Nahezu alle Organsysteme werden von beiden Anteilen des vegetativen Nervensystems innerviert. Dabei kommt dem Sympathikus eine energiemobilisierende und aktivitätssteigernde Wirkung zu (z.B. Steigerung der Herztätigkeit), während der Parasympathikus im Dienst der Energiekonservierung und des Wiederaufbaus der Körperenergien steht (z.B. Steigerung der Magen‑/Darmtätigkeit).

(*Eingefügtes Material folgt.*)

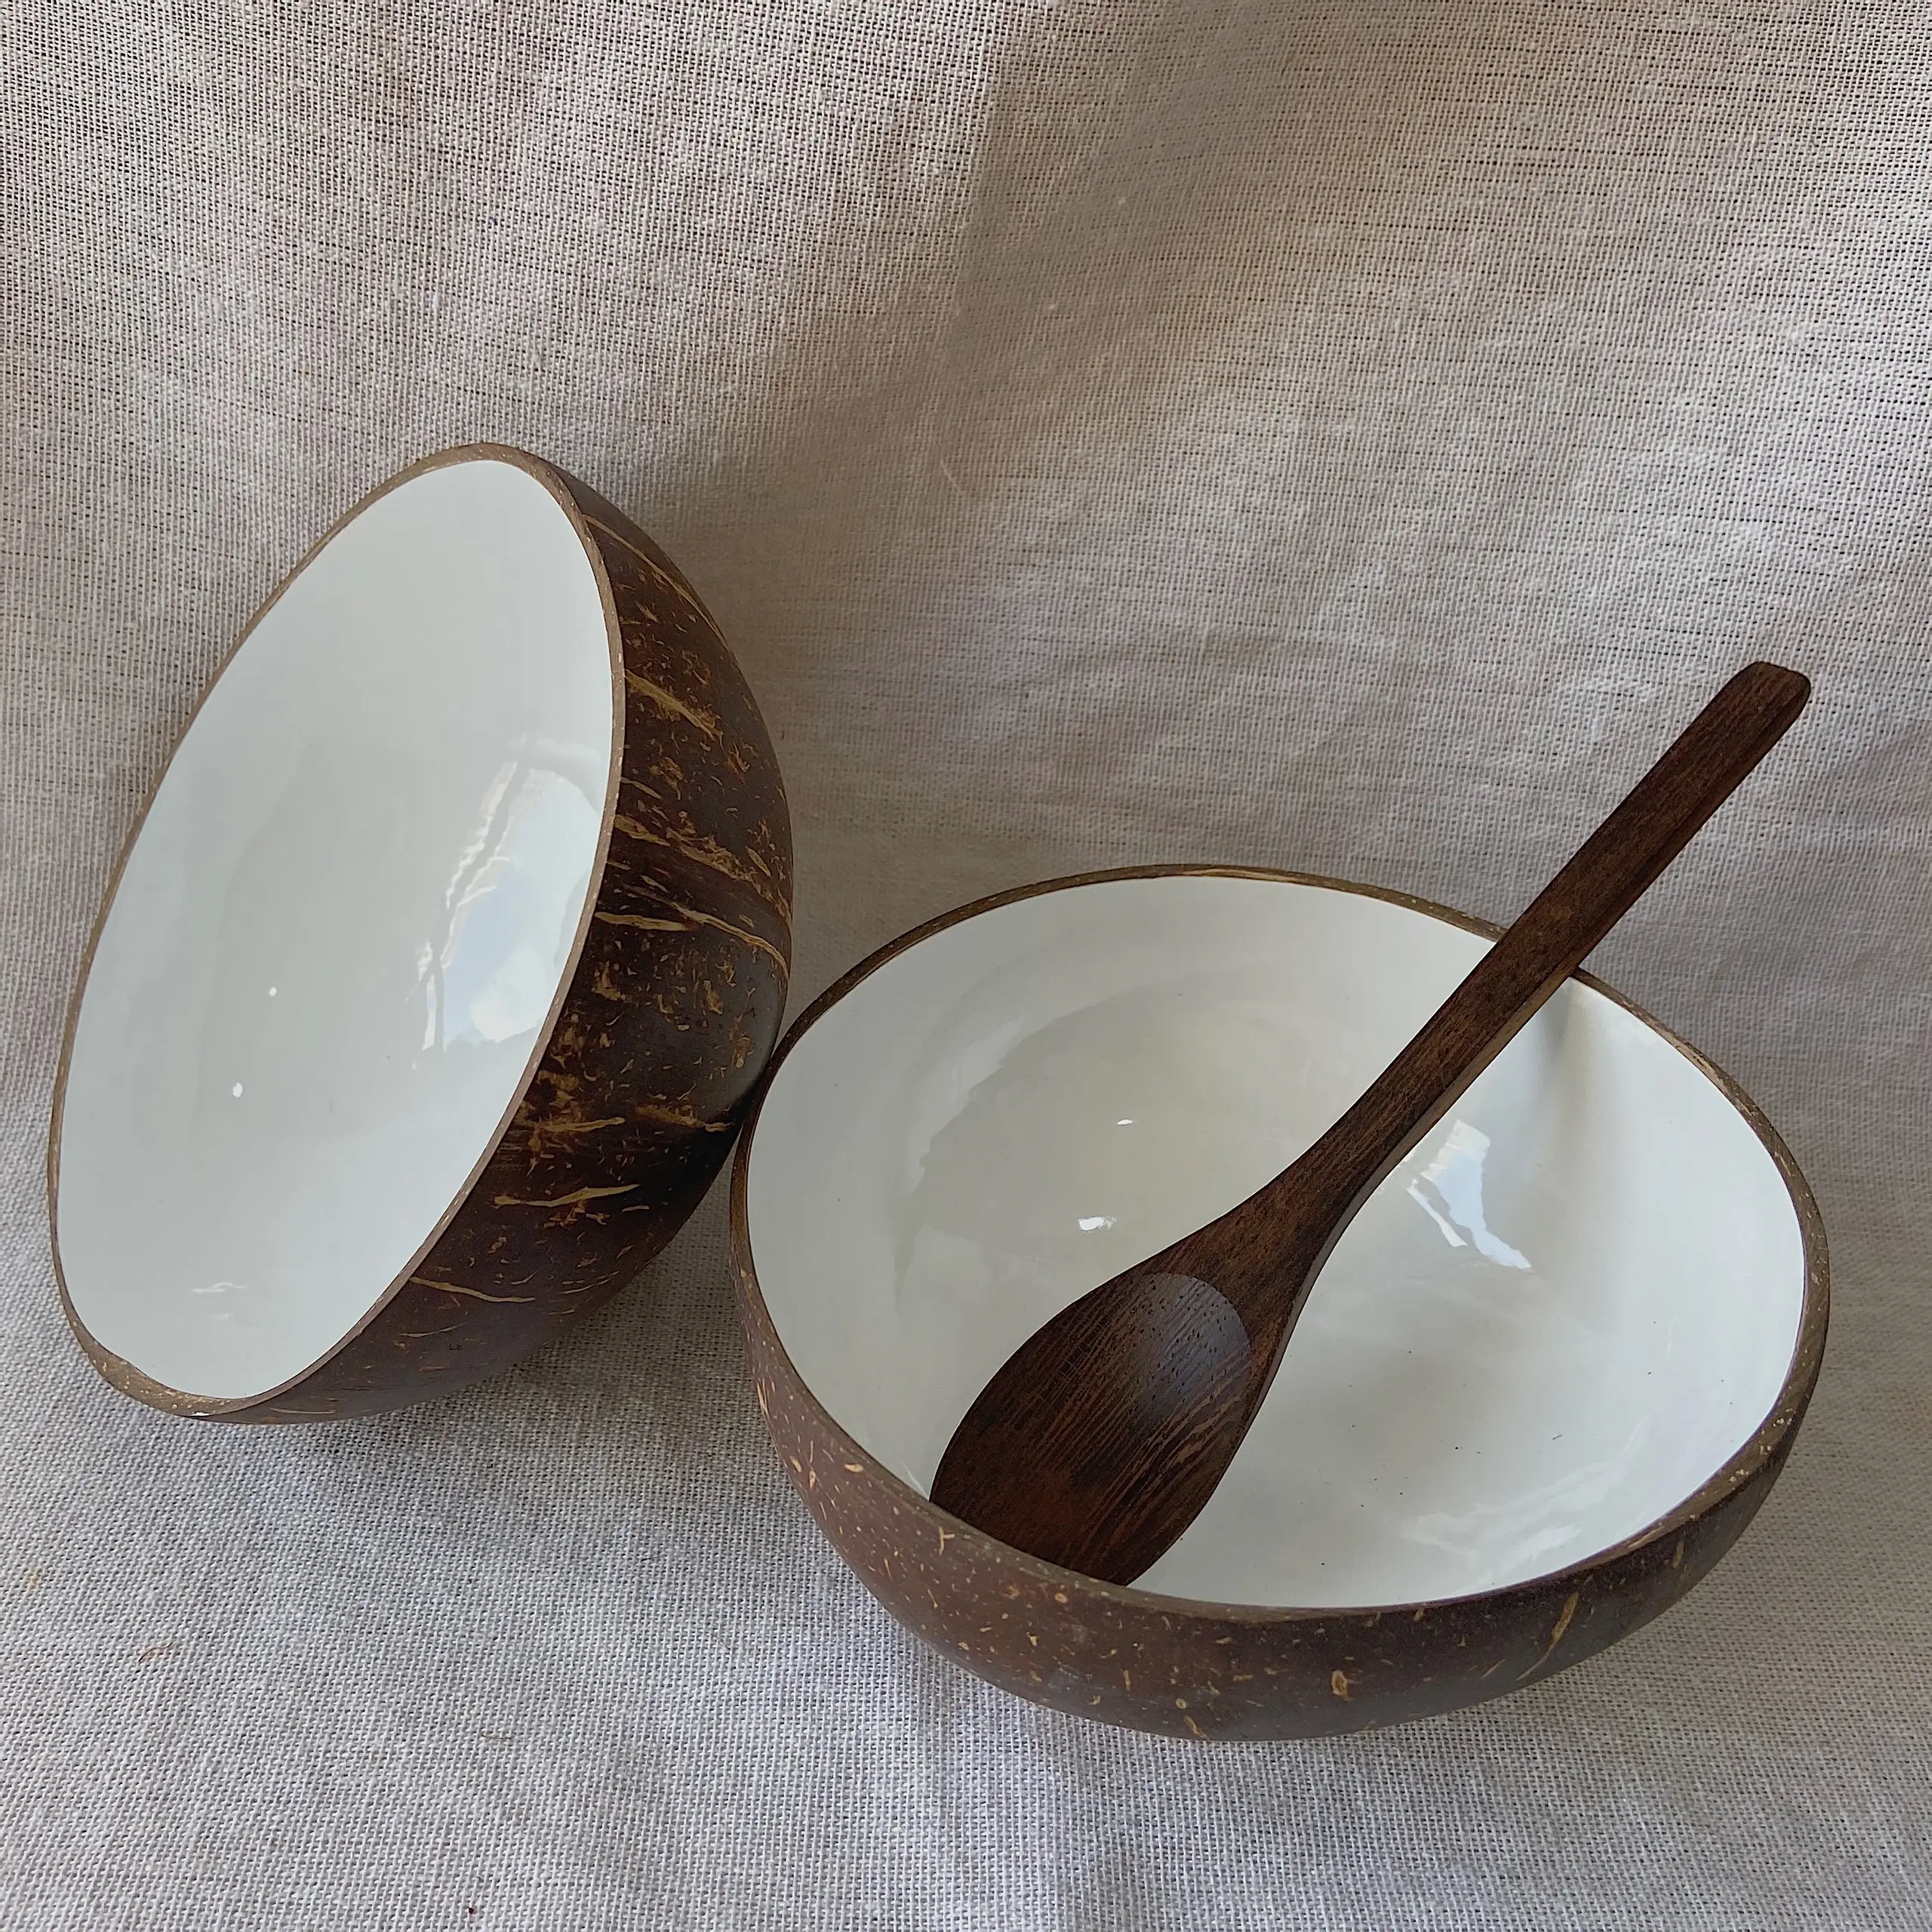 래커 코코넛 쉘 그릇 새로운 도착 래커 코코넛 그릇 홈 장식 또는 기념품 고품질 베트남

Das übergeordnete Integrations‑ und Steuerzentrum des vegetativen Nervensystems ist der Hypothalamus, der wiederum unter dem Einfluss höherer Strukturen, insbesondere des limbischen Systems, steht. Weitere, dem Hypothalamus untergeordnete vegetative Zentren liegen in der Formatio reticularis des Hirnstamms. Sympathikus und Parasympathikus haben auch eigene, dem Hypothalamus untergeordnete Zentren: der Sympathikus im Thorakal‑ und Lumbalmark, der Parasympathikus im Hirnstamm und im Sakralmark.

Motorische Systeme des vegetativen Nervensystems haben zwei Neurone, die die Impulse vom ZNS in die Peripherie leiten. Die Umschaltung vom ersten auf das zweite Neuron geschieht in den vegetativen Ganglien. Dabei ist beim Sympathikus das erste Neuron stets kurz und das zweite Neuron lang (Ganglien in ZNS-Nähe), während beim Parasympathikus das erste Neuron stets lang und das zweite Neuron kurz ist (Ganglien in Organnähe, meist intramurale Ganglien).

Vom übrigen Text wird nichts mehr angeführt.